Здесь сидели за маленьким столиком три врача в белых халатах, надетых поверх воинских шинелей, а перед ними стоял, поеживаясь и конфузливо переступая с ноги на ногу, совершенно голый человек.
Гриша догадался, что ему тоже следует раздеться. Когда он снял нательную рубашку, один из врачей — рыжий, веселый, в золотых очках — поглядел на него с одобрением и даже крякнул:
— Экий Ахиллес!
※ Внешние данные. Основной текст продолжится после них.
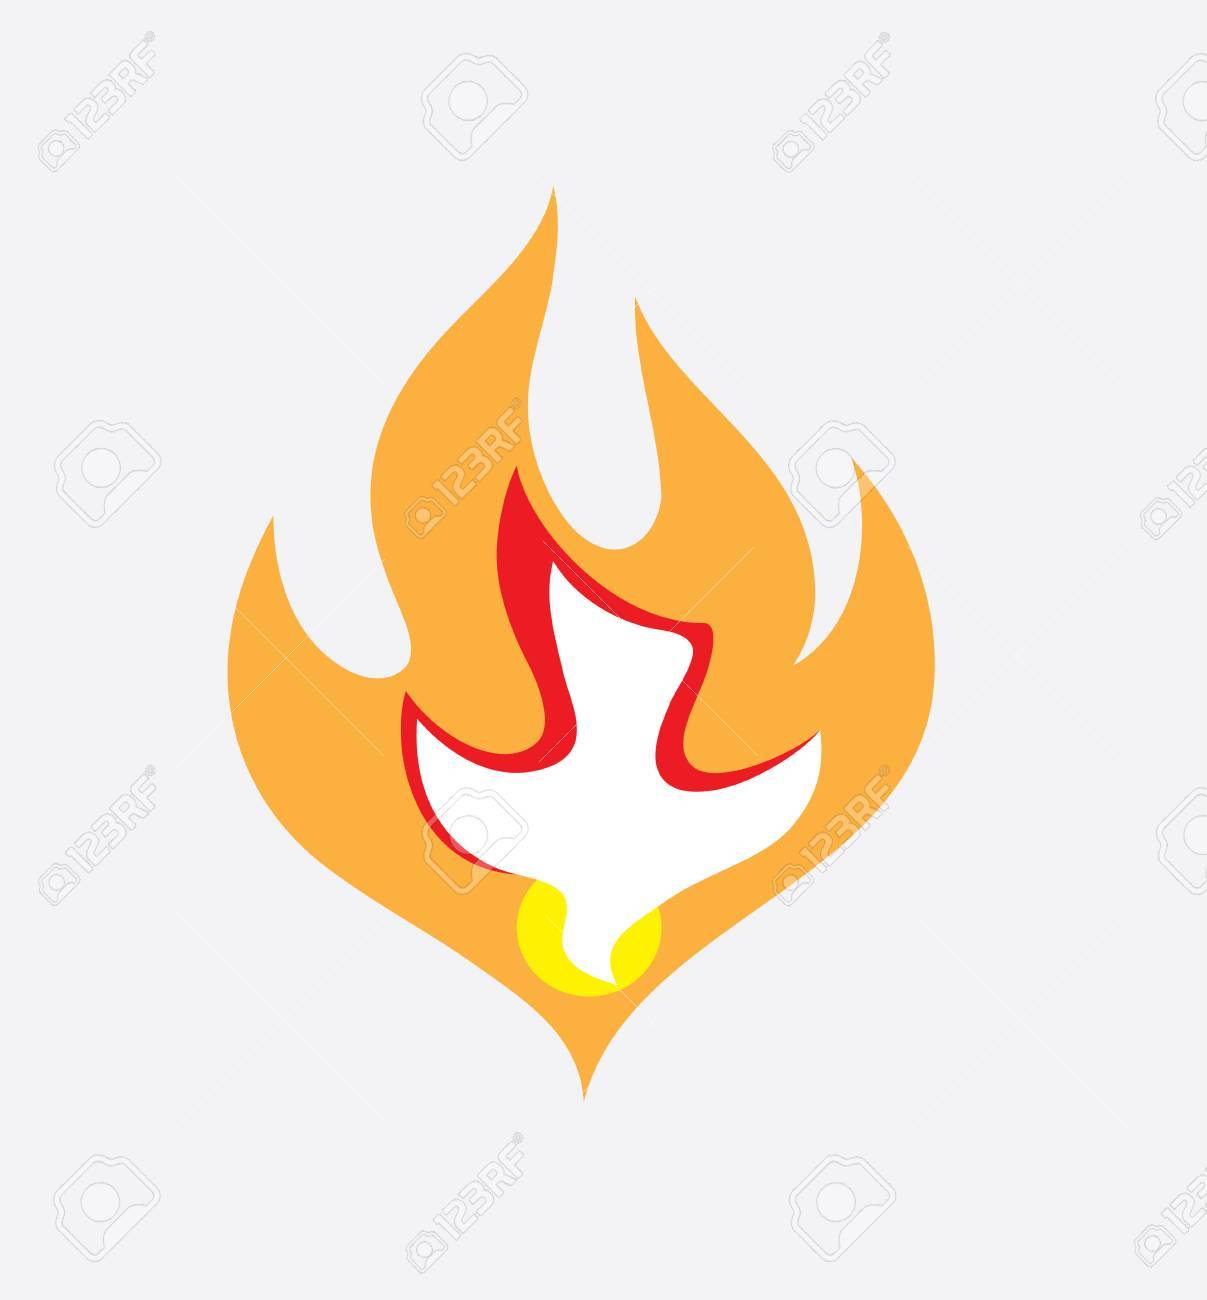 Holy spirit Fire, art vector design.

Таких выслушивать — разве только для проформы.
Он, сопя, приставил к Гришиной груди черную трубку, припал к ней волосатым ухом, сказал «дышите, не дышите» и тут же объявил:
— Годен. Угодно? — спросил он второго врача.
— Да нет, что же… — ответил тот нехотя, но все-таки подошел, выслушал Шумова — внимательнее, чем первый, и спросил: — Атлетикой занимаетесь, что ли?
Гриша хмуро ответил:
— Занимаюсь. Баржи разгружаю.
— Со зрением как у вас?
— Зрение в госпитале проверят! — сказал рыжий врач. — Их же всех передают на испытание в клинику Виллие, такой уж порядок для абитуриентов военных училищ.
Узнав без особого удовольствия, что он — абитуриент, Гриша начал одеваться.
Писарь буркнул:
— Ждите на лестнице, через полчаса получите документы.
В коридоре Гриша услышал несущийся к нему со всех сторон жадный шепот:
— Ну, как?
— Что вам сказали?
— Годен?
Шептали с таким нетерпеливым ожесточением, как будто от участи Шумова зависела судьба всех остальных.
— Годен, конечно, — ответил Гриша.
— Д-да, — сказал один из студентов со вздохом, — конечно. Теперь, говорят, даже туберкулезных берут.
— Но ведь будет еще испытание в госпитале…
— Надейтесь! Там освободят только в том случае, если найдут у вас эти самые диоптрии, черт бы их драл. Разве не знаете? В военные училища не берут только близоруких. Те, видите ли, для стрельбищ не годятся.
Гриша дождался своих документов и вышел из неприглядного унылого здания.
Унылой была и погода: набухшее дождем низкое небо, слякоть под ногами…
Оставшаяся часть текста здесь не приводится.